Теперь уже не обида, не зависть заставляла его доискиваться ответа, та, не слишком благородная, но естественная зависть, которая грызла его все эти три дня и которую он пытался побороть в себе; нет, это был страх перед ужасающей мыслью, страх перед необходимостью самому поверить в то, что Жан, что его брат — сын этого человека!

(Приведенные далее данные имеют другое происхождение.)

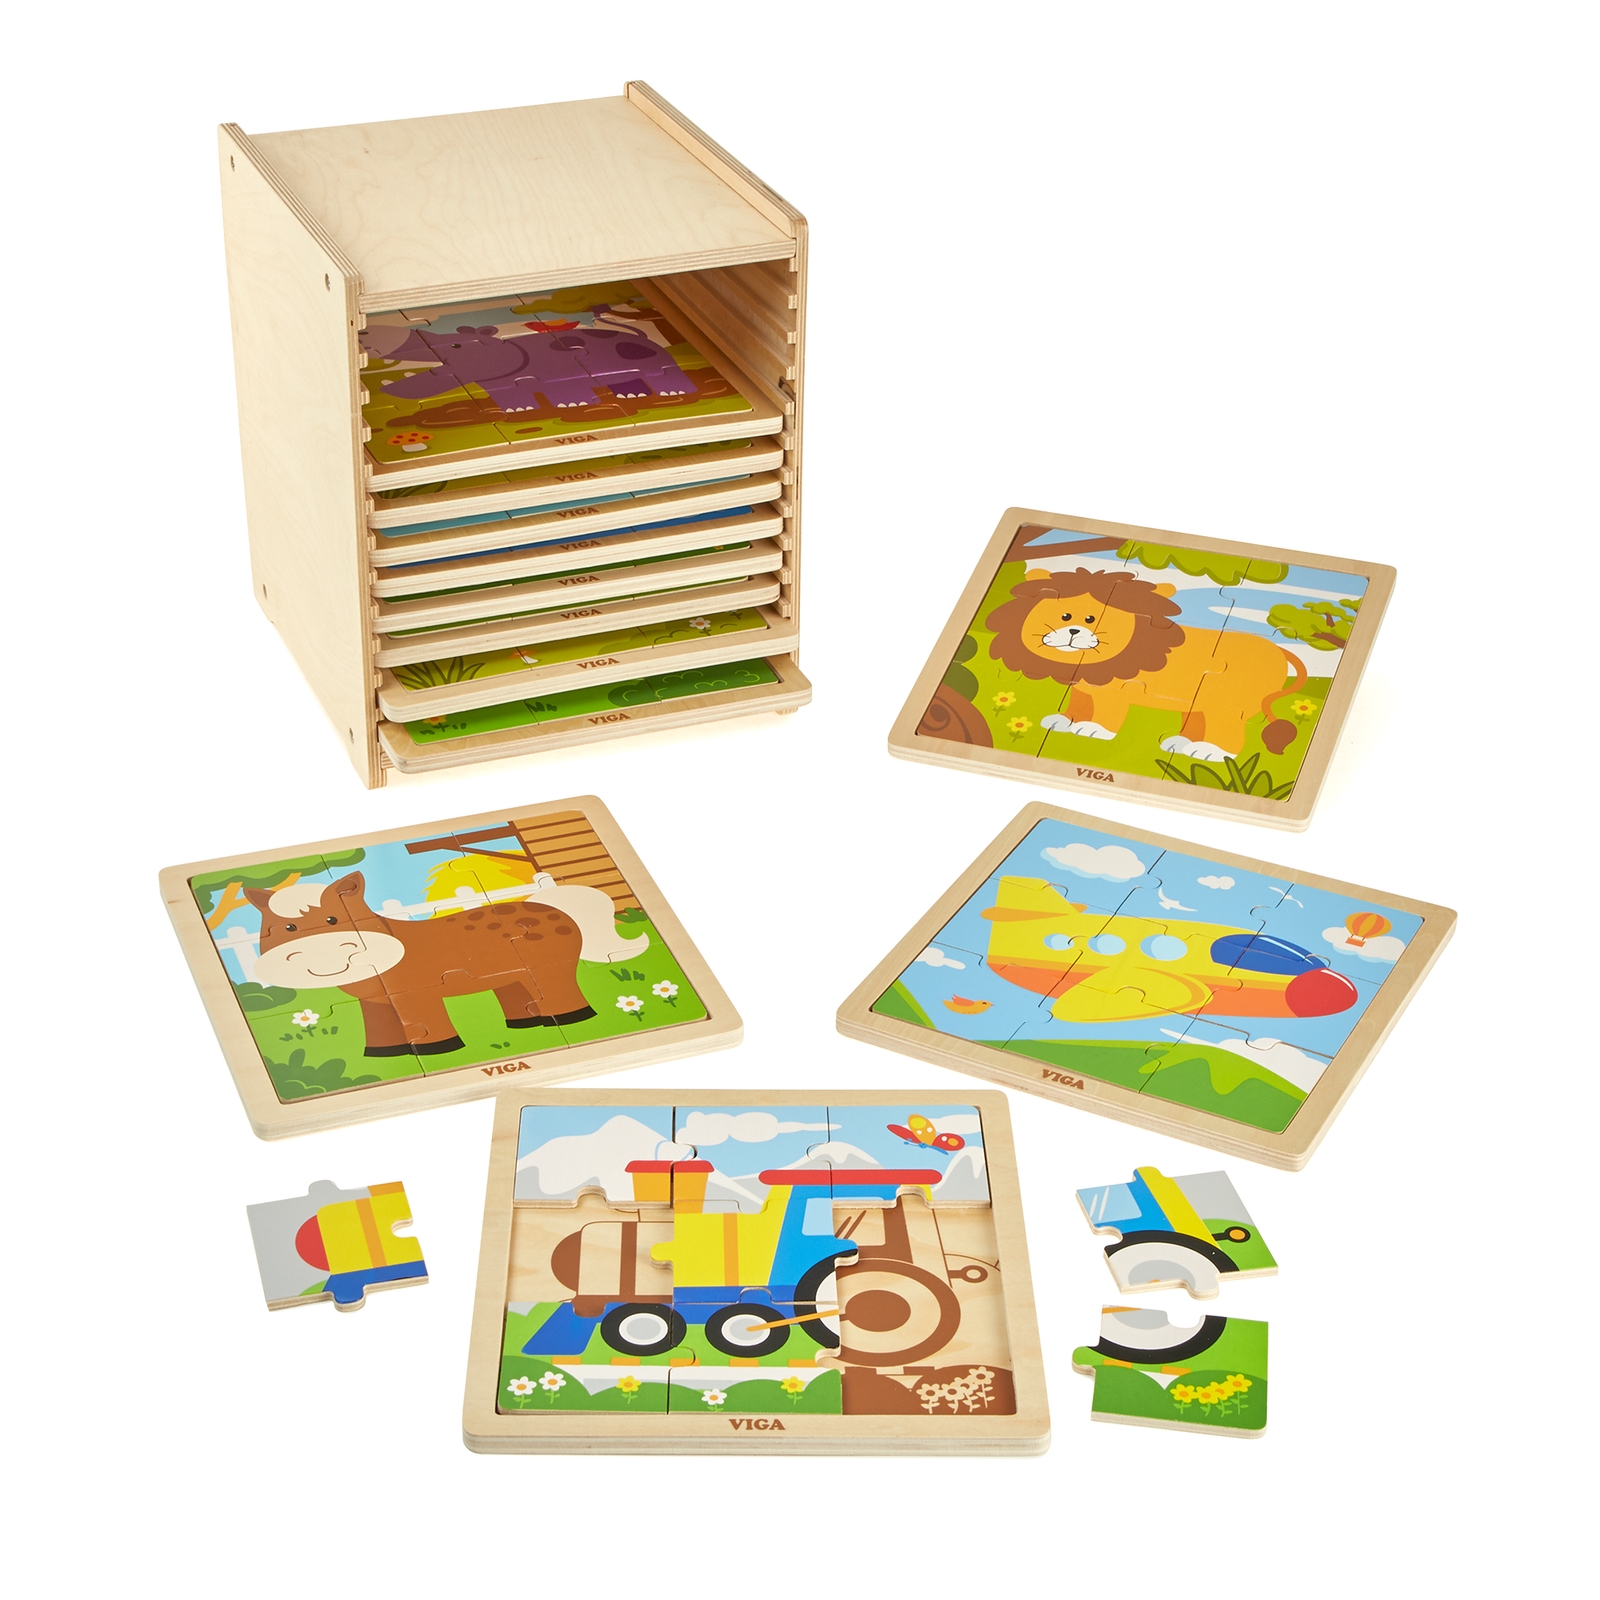 Wooden Jigsaw Set with Storage Box - 9 Piece - Per Set

Нет, он не мог этому поверить, не мог даже задать себе такой кощунственный вопрос! Но ему нужно было бесповоротно, раз и навсегда отделаться от этого подозрения, еще такого смутного, ни на чем не основанного. Ему нужна была ясность, достоверность, чтобы в сердце его не осталось места для сомнений; ведь во всем мире он только свою мать и любил.
Блуждая один по темным улицам, он произведет самое тщательное расследование, проверит свои воспоминания, призовет на помощь весь свой разум, и тогда истина откроется ему. И с этим будет покончено, он больше не станет думать об этом никогда. И пойдет спать.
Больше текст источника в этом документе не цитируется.